Я – герцогиня Мария Августа Турн-и-Таксис, состоящая в браке с принцем Александром Вюртембергским, бывшим в свое время регентом Сербии. Я родила троих сыновей, каждого из них зовут Евгений, в честь Евгения Савойского, покровителя моего мужа, и одну дочь, Катарину. В Сербию, то есть в Белград, я приехала в 1730 году, а покинула его в 1737-м. Все мои дети появились на свет после отъезда из Белграда.

С человеком, о котором вы меня спрашиваете, я познакомилась в Белграде осенью 1736 года. Говорят, что он появился там днем раньше, но я впервые увидела его, когда барон Шмидлин показывал ему белградскую крепость на Калемегдане.

Как он выглядел? Обыкновенно, совершенно обыкновенно. Среднего роста, с русыми волосами, карими глазами, без каких-то бросающихся в глаза особых примет. Нет, он не хромал. Говорил по-немецки без ошибок, хотя чувствовалось, что этот язык для него не родной, кроме того, как мне сказали, он разговаривал и по-сербски, и по-венгерски. Знаю, что он читал какие-то книги на французском и английском. Нет, он не показался мне подозрительным, более того, я тогда считала, что мне представилась редкая возможность встретиться с исключительно образованным человеком.

Вы хотите, чтобы я вам рассказала все, как было?

Простите, я не расслышала.

Не пропуская ни одной мелочи?

Вы сами решите, что мелочь, а что нет?

Был на редкость солнечный и теплый день. Бабье лето. Я пошла на прогулку, одна, мне нравилось в одиночку гулять по Калемегдану. Пройдя через Краль-Капию, я поднялась на возвышение слева от колодца и остановилась полюбоваться устьем и землями на другом берегу Савы и Дуная. Величественная картина.

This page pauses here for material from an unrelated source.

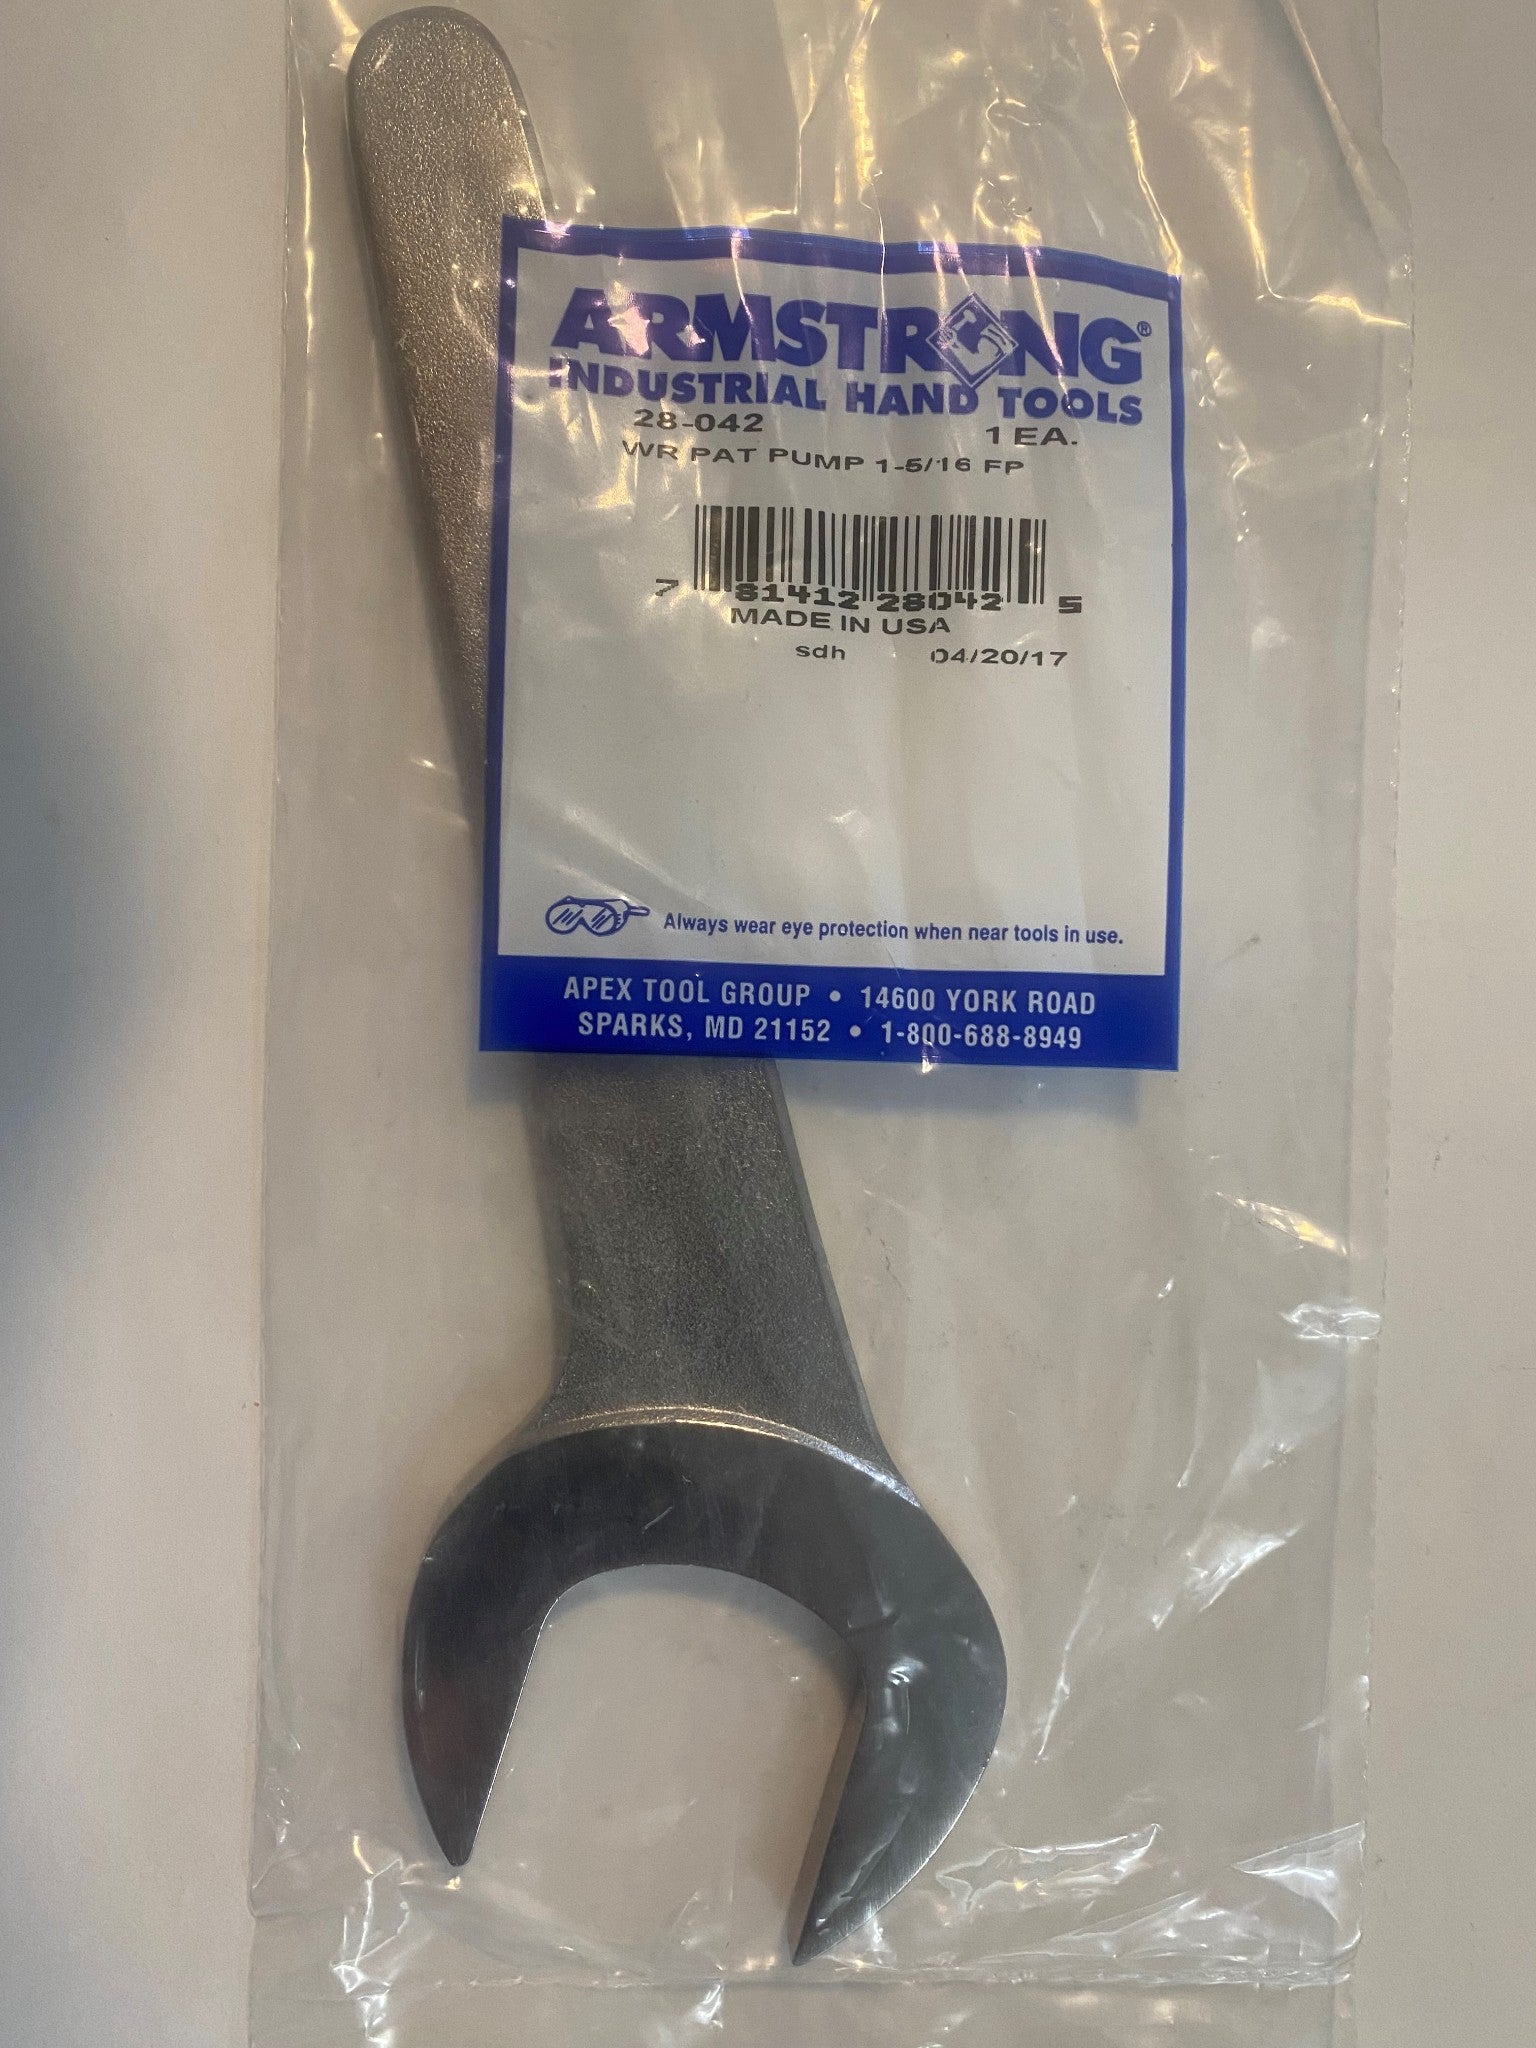 Armstrong 28-042 Service Pump Wrench 1-5/16" Chrome Thin Pattern USA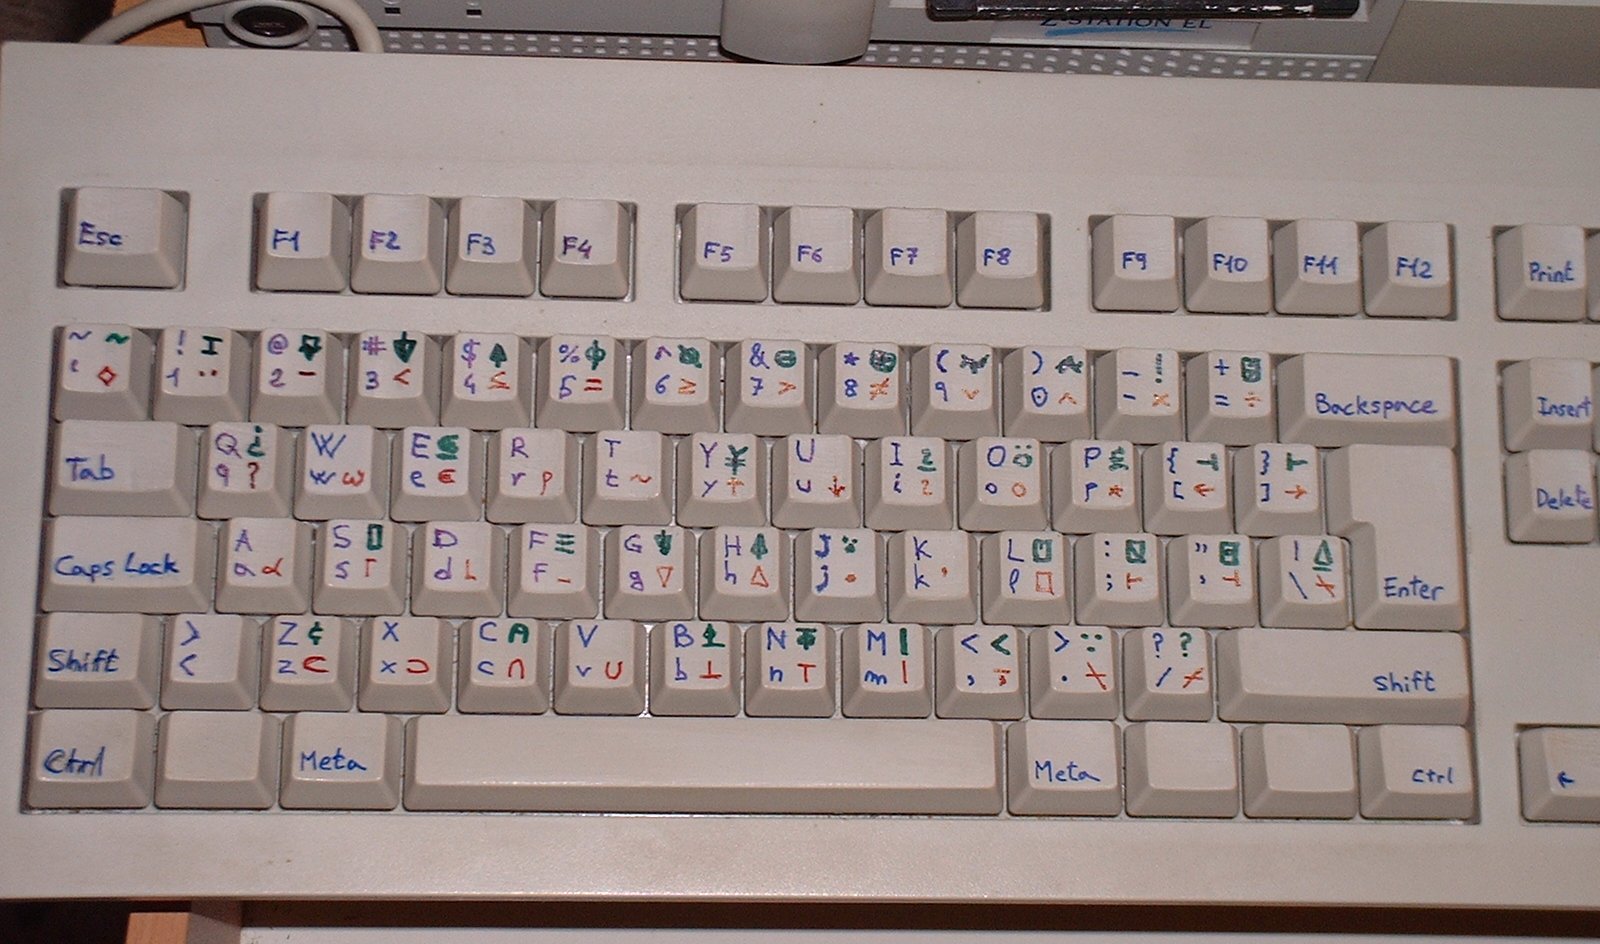 My hand-made APL keyboard from 2006, image 4 of 5

Тогда я этого не понимала, но теперь мне ясно, что именно оттуда открывается первый и красивейший вид на Европу. Объяснить? Первый потому, что именно отсюда и начинается Европа, а красивейший потому, что никому так не видна Европа в ее истинном значении, в ее истинной беспомощности и ее истинной мощи, как тому, кто стоит за ее пределами и иногда жалеет, что не может в нее войти, а иногда радуется, что находится не в ней. Не понимаете? Это не так уж и важно.

Итак, я стояла и смотрела на Саву, на ее устье и на Дунай. Реки эти совсем разные, Сава скорее коричневатая, а Дунай, я бы сказала, голубой. Я думала о том, связан ли цвет реки с ее длиной и становится ли вода чище только при условии, что проделает достаточно долгий путь? Или же ее прозрачность зависит от мест, по которым она протекает, от земли, от камней, от людей, которые погружаются в нее? А может быть, чистота воды это следствие больших испытаний, сужения русла, необходимости образовывать излучины, или, наоборот, ей способствует беззаботность и легкость течения? Или же река на всем своем протяжении остается такой же, какой была у истока, и ничто не может изменить ее на всем долгом пути?

Мелочь? Вы сами просили рассказать вам все.

В таких размышлениях застал меня барон Шмидлин, он подошел ко мне, с ним было еще четверо. Трое – члены специальной комиссии, занимающейся вампирами, четвертым был он – фон Хаусбург.

Те трое вместе со Шмидлином вскоре ушли, а фон Хаусбург, или как его зовут на самом деле, остался со мной. Предложил составить компанию во время моей прогулки по Калемегдану, и я согласилась. Мы ходили под ярким солнцем и болтали о том о сем. Нет, о Боге мы не разговаривали. Хотя… Я вдруг сейчас вспомнила кое-что, что фон Хаусбург сказал мне позже, в другой раз… Он сказал:

– О Боге сказать нечего. Он сам все сказал.

Это важно? Продолжить? Я спросила его, что он имеет в виду, а он ответил:

– Он создал мир, говоря. Да будет свет, да будет то, да будет се. Ничего другого он не делал, только говорил. Разве этот мир, который он создал, не свидетельствует в достаточной мере о нем и о его речи?

Но это было позже. Тогда, в первый раз, во время прогулки по Калемегдану, о Боге мы не разговаривали.

Он был чрезвычайно любезен, даже больше, чем подобало. Да, я подумала, что его намерения относительно меня… что его симпатия ко мне превосходит допустимые рамки. Был момент, когда он резко наклонился и буквально схватил меня за руку. И понюхал ее. Я не вырвала руку, потому что не чувствовала себя в опасности. Я не испугалась, я только удивилась. И не успела спросить, что это должно означать, как он меня опередил:

– От вас не пахнет серой.

Я совершенно растерялась, и он воспользовался моим замешательством, поклонился, попрощался и быстро удалился. Тогда я в первый раз подумала, что разум этого человека не в полном порядке.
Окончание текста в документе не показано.